→ Task inputs:
=== Begin Enclosure ===
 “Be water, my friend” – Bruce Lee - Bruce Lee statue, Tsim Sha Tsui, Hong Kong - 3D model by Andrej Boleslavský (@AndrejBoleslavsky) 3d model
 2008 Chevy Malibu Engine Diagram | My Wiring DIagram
=== End Enclosure ===
=== Begin Enclosure ===
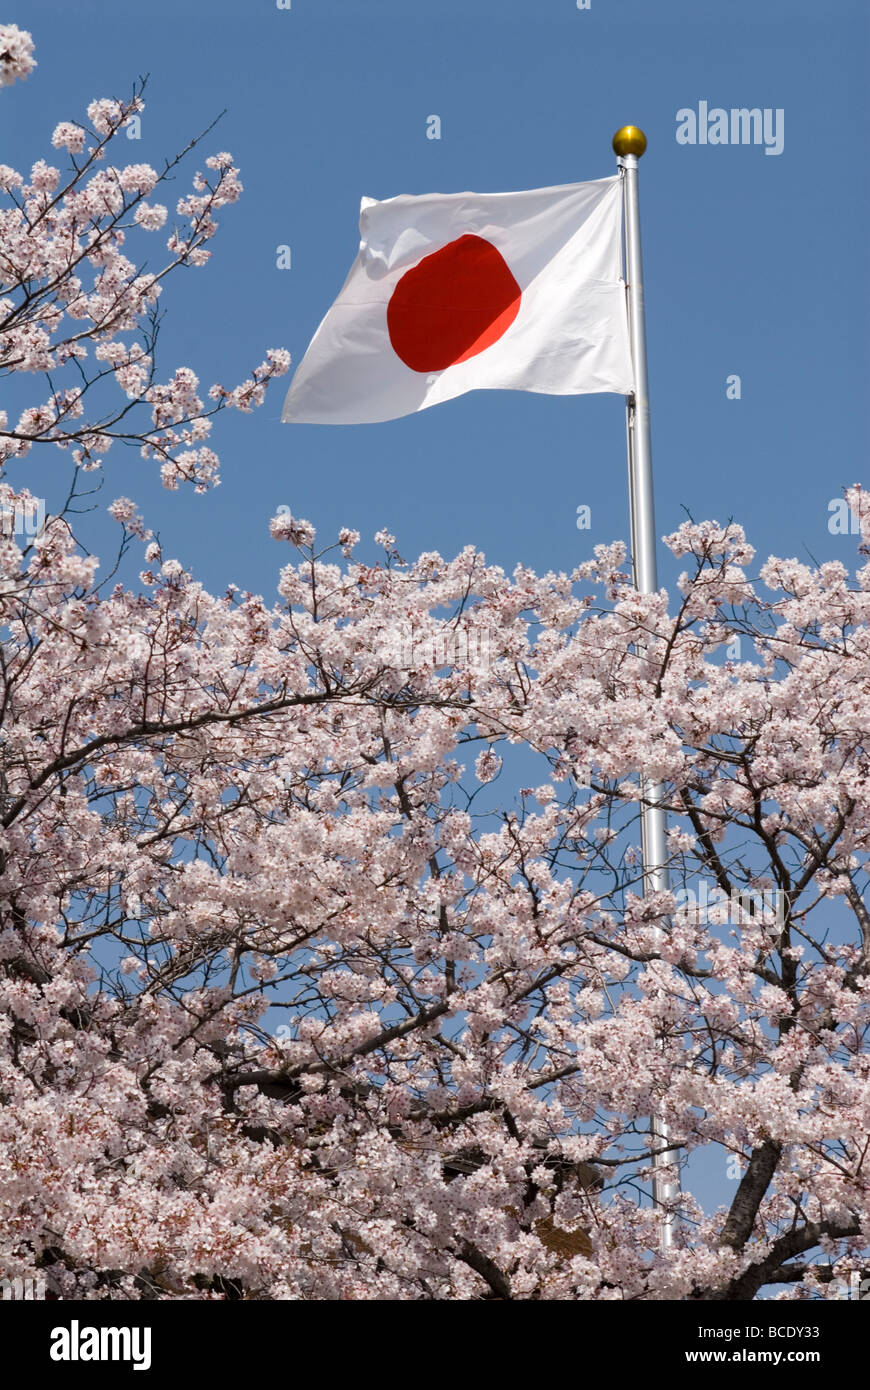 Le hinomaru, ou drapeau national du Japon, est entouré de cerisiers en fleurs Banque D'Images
=== End Enclosure ===
→ Activity: Look in the material above for the line with "(@AndrejBoleslavsky) 3d model" and the line with "2008 Chevy Malibu", and transcribe exactly those lines and all lines between them, nothing more.

→ Solution to this exercise:
 “Be water, my friend” – Bruce Lee - Bruce Lee statue, Tsim Sha Tsui, Hong Kong - 3D model by Andrej Boleslavský (@AndrejBoleslavsky) 3d model
 2008 Chevy Malibu Engine Diagram | My Wiring DIagram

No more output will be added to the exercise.